Невесомая тень, скользнув по каменной кладке, коснулась оконного наличника, тронула лепнину над деревянной рамой и, отразившись в чёрном стекле, растворилась в сумраке мостовой.
Дрюдор выглянул из-за занавески, посветил лампой в темень. За окном никого. Да и кто осмелится выйти на вымершую улицу в такую безлунную ночь?
— Тебе показалось, — прошептал устало.
— Может, это тот рыжий кот, а, Юджо? — спросила Терезита, вглядываясь в потёмки поверх его плеча. — Уж, какую ночь горланит свои песни.
— Один уцелел, — сказал Дрюдор. — Подружек и соперников съели.
Пробравшись сквозь сохнущие поперёк трапезной застиранные солдатские рубахи, желтоватые портки и байковые портянки, бывший сержант улёгся на кровать, составленную из двух длинных лавок, и с удовольствием вытянул ноги.

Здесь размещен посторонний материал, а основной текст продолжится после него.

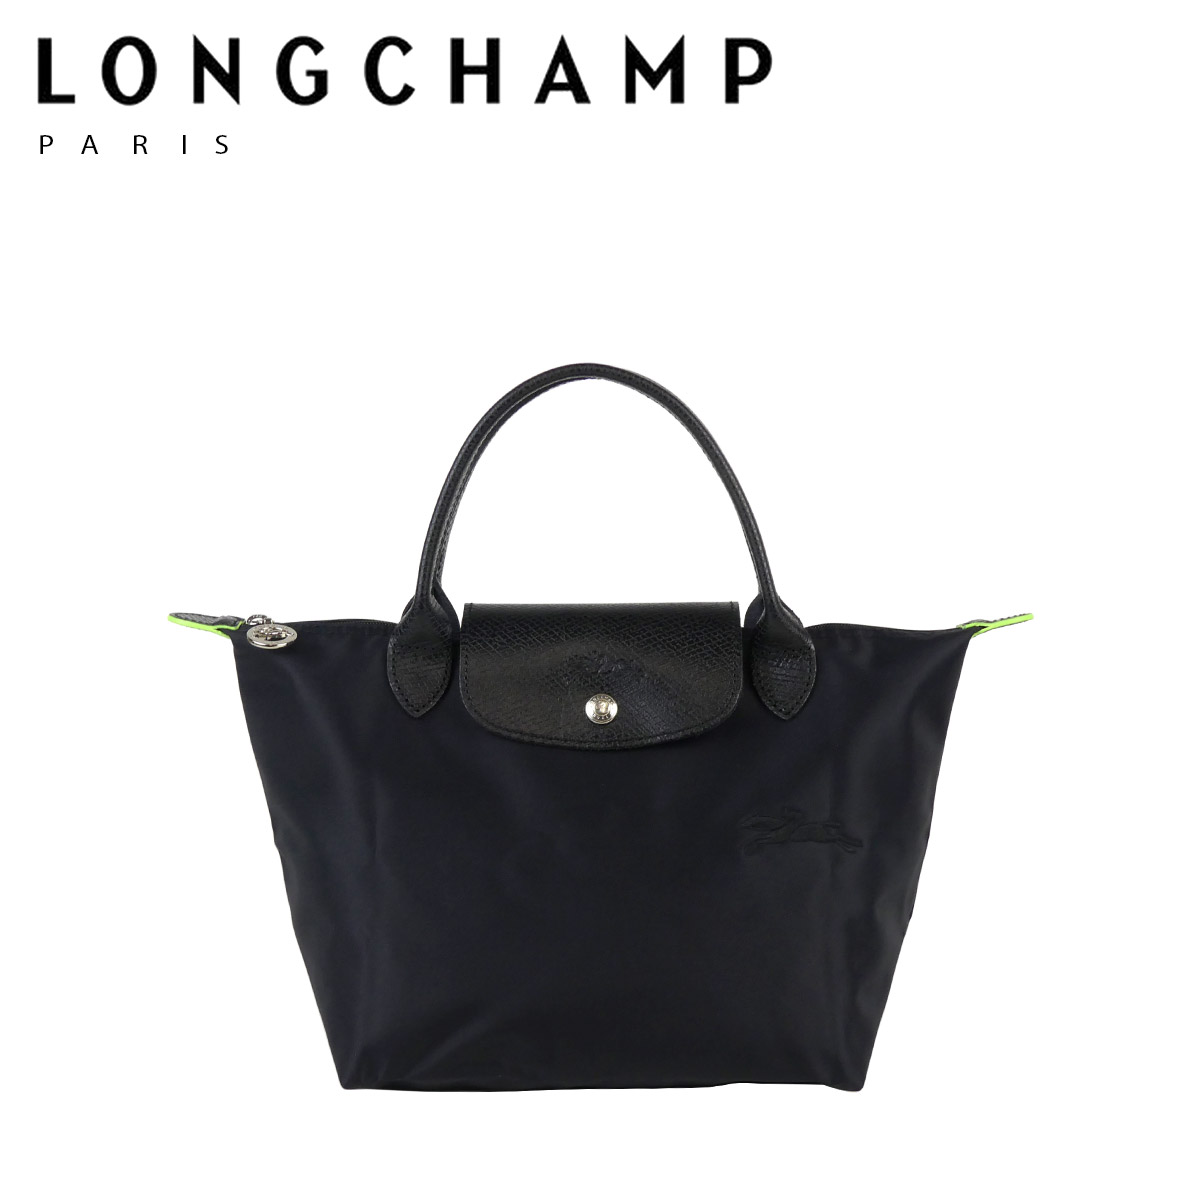 Longchamp ル・プリアージュ 黒×黒 トートバッグ ブラック レディース 
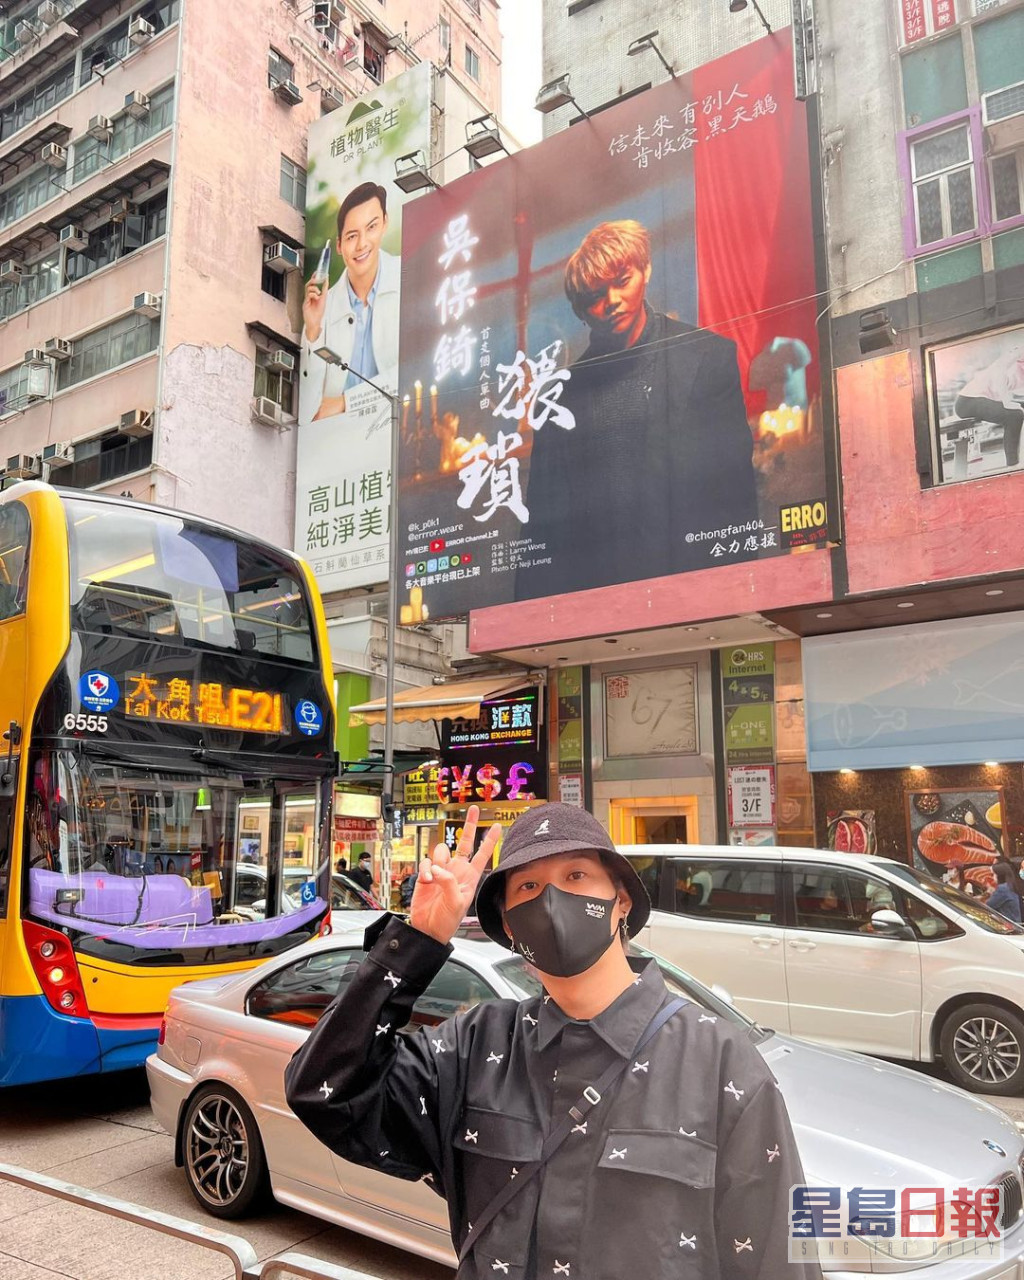 保锜话好开心自己的海报在偶像陈伟霆的广告旁边出现。

— Эх, отбивную бы сейчас, сенгаки меня задери, — вздохнул мечтательно. — Да хотя бы из того рыжего.
— Юждо, не шути так! — черноволосая хозяйка в широкой ночной рубахе игриво надула губы, улыбнулась, ласково глядя на призывно торчащие сержантские усы. — Могу испечь сдобу для своего тигра. У меня припрятано немного кукурузной муки и осталось лампадное масло. Где-то была патока, только яиц нет.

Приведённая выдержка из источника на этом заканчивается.